Gert, you couldn't be more insightful: I did a software upgrade of the 7609
a few weeks ago, which led our helpdesk to raise this issue to me.

Frank

-----Original Message-----
From: Gert Doering [mailto:[email protected]]
Sent: Wednesday, January 19, 2011 3:54 AM
To: Frank Bulk - iName.com
Cc: 'Keegan Holley'; [email protected]; [email protected]
Subject: Re: [c-nsp] ARP strangeness

Hi,

On Wed, Jan 19, 2011 at 01:47:20AM -0600, Frank Bulk - iName.com wrote:
> You're correct - without broadcast support, re-population initiated from
the
> 7609 is impossible.  Once it's expired, the FTTH access gear's design,
which
> blocks broadcast traffic, makes it impossible for the CPE to respond to
the
> broadcast ARP.  The FTTH access gear never allows broadcast traffic to
> ingress from the 7609.  So the only thing that can re-populate the 7609's
> ARP cache is an ARP request by the CPE, *but* the CPE only does that after
a
> DHCP exchange after power on, never again, even after a full DHCP
exchange.

This sounds like a very very stupid design in the FTTH gear.

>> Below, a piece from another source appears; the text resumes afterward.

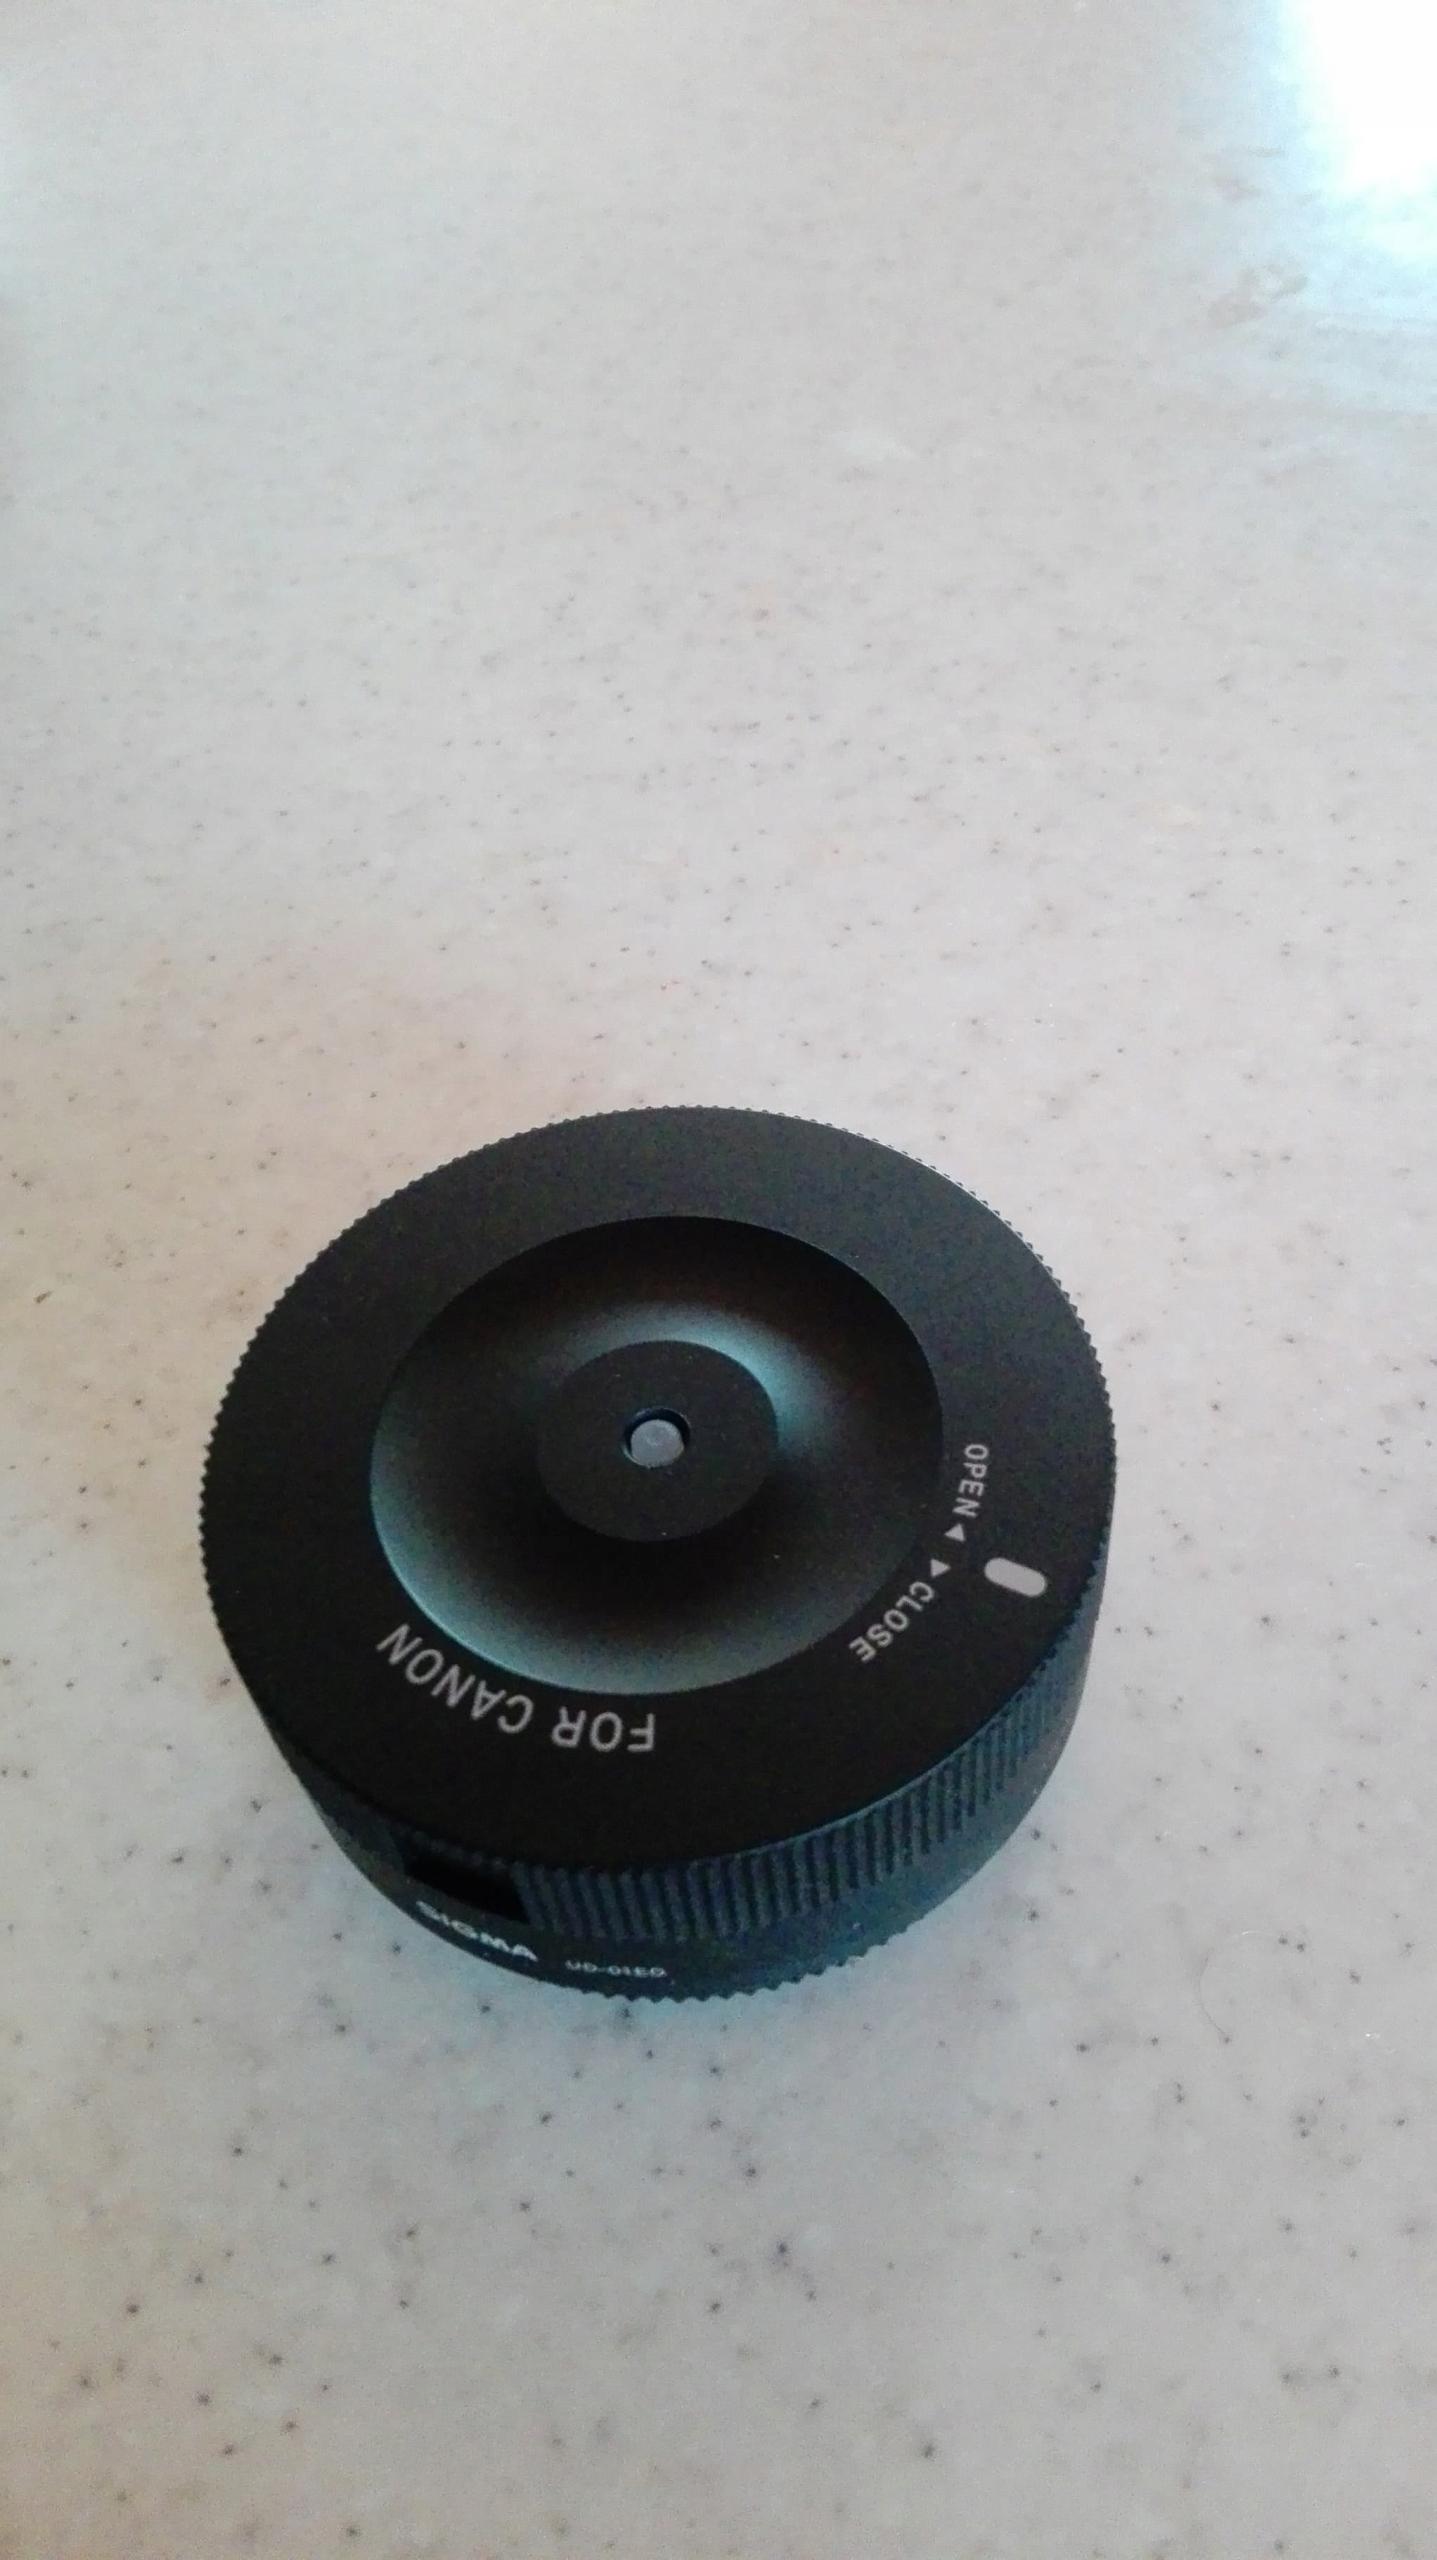 Sigma USB Dock Canon, jak nowy

Imagine what happens if the 7609 needs to be rebooted - *all* customers
having to powercycle their CPEs?

(Also, the whole idea of "blocking broadcasts from the ISP side" is
bogus to start with - broadcasts from the CPE side are what needs to
be well-controlled and only distributed to the ISP PE...)

gert
--
USENET is *not* the non-clickable part of WWW!

//www.muc.de/~gert/
Gert Doering - Munich, Germany
[email protected]
fax: +49-89-35655025
[email protected]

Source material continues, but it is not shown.